*SUPPLIED INFORMATION:*
==================================================

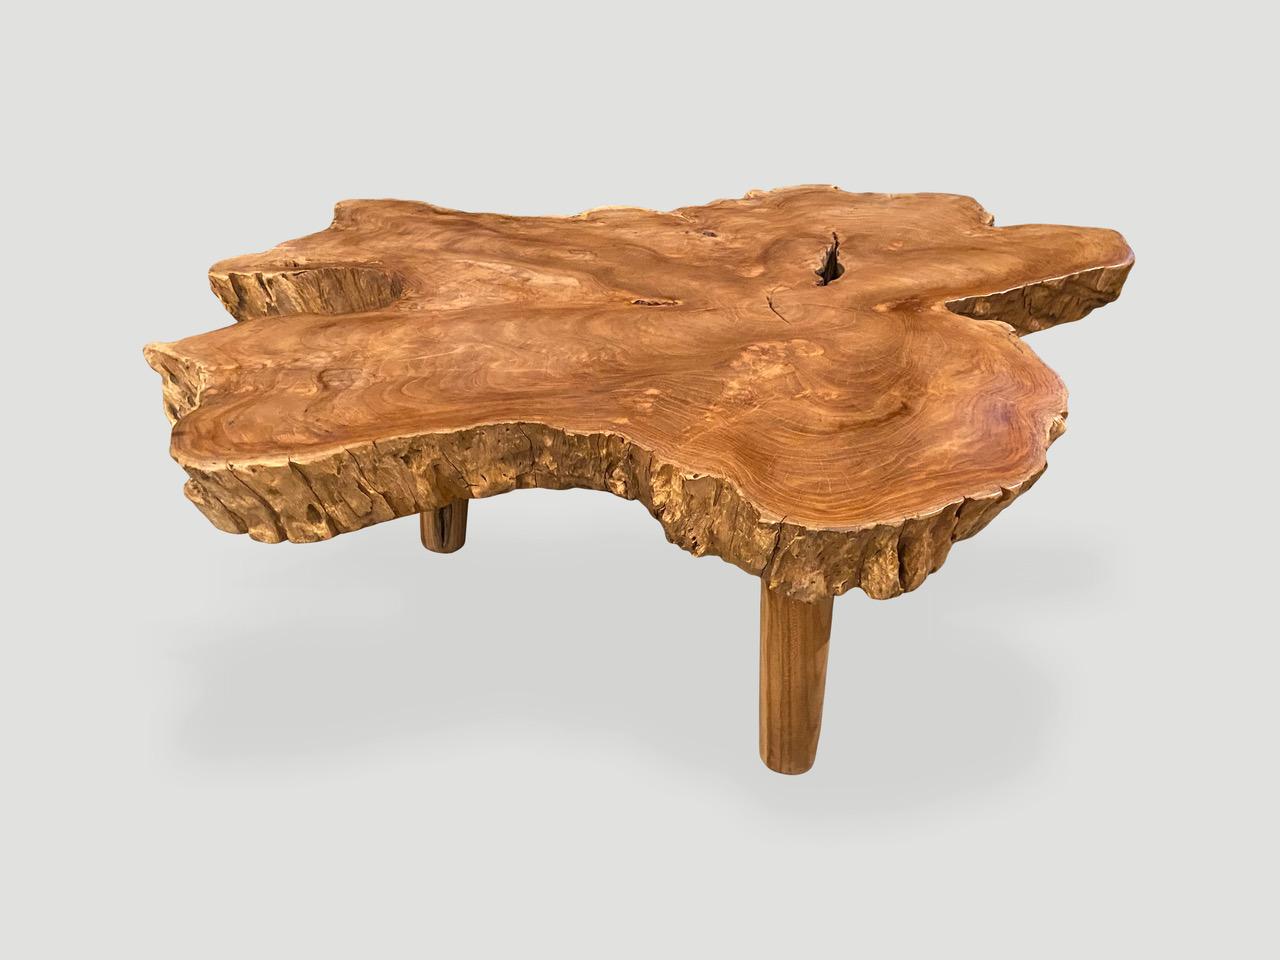 Impressive reclaimed three inch thick teak root coffee table. The top is polished with a natural oil finish and the sides left raw. Floating on mid century style cylinder legs. Organic with a twist.

Own an Andrianna Shamaris
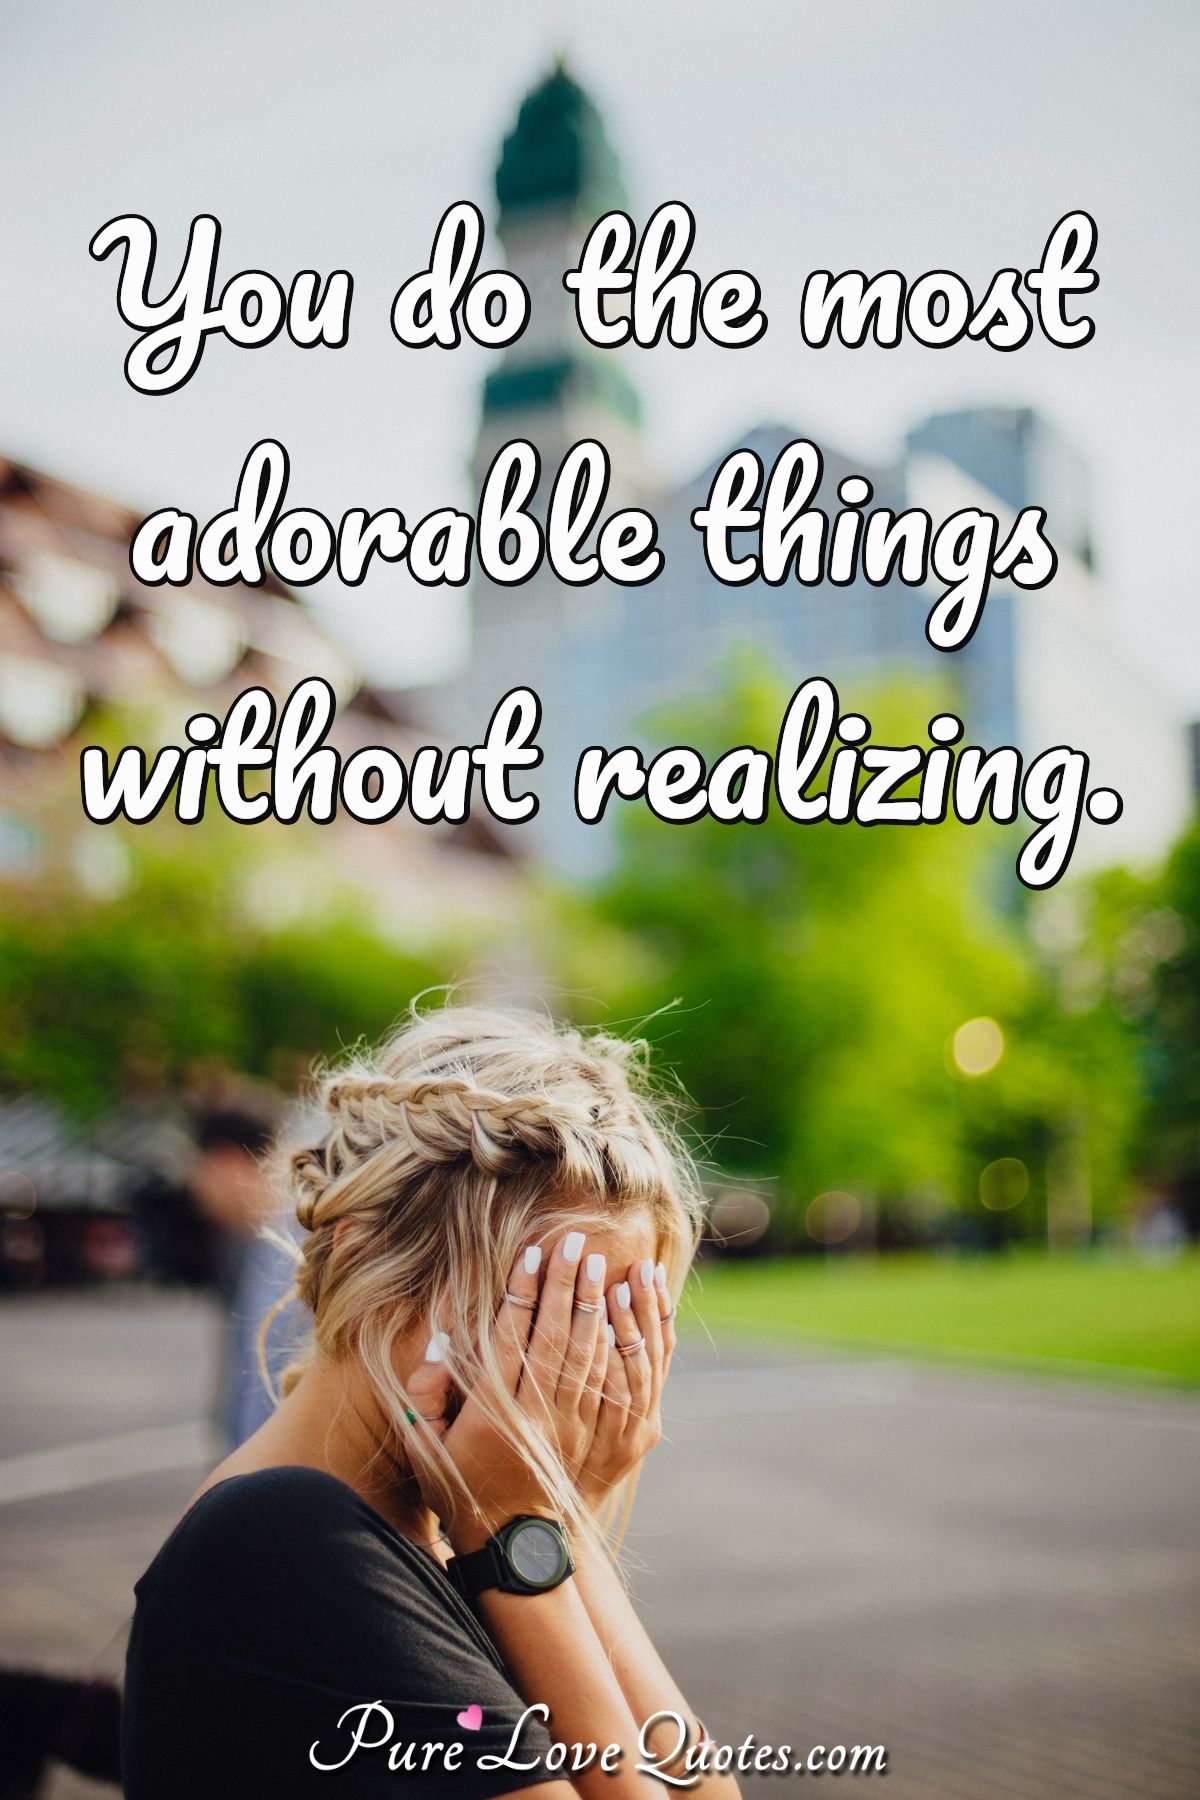 You do the most adorable things without realizing. - Anonymous

==================================================

*EXERCISE REQUIREMENTS:* Copy each line above precisely, dropping the pictures.

*FINAL ANSWER:*
 Impressive reclaimed three inch thick teak root coffee table. The top is polished with a natural oil finish and the sides left raw. Floating on mid century style cylinder legs. Organic with a twist.

Own an Andrianna Shamaris
 You do the most adorable things without realizing. - Anonymous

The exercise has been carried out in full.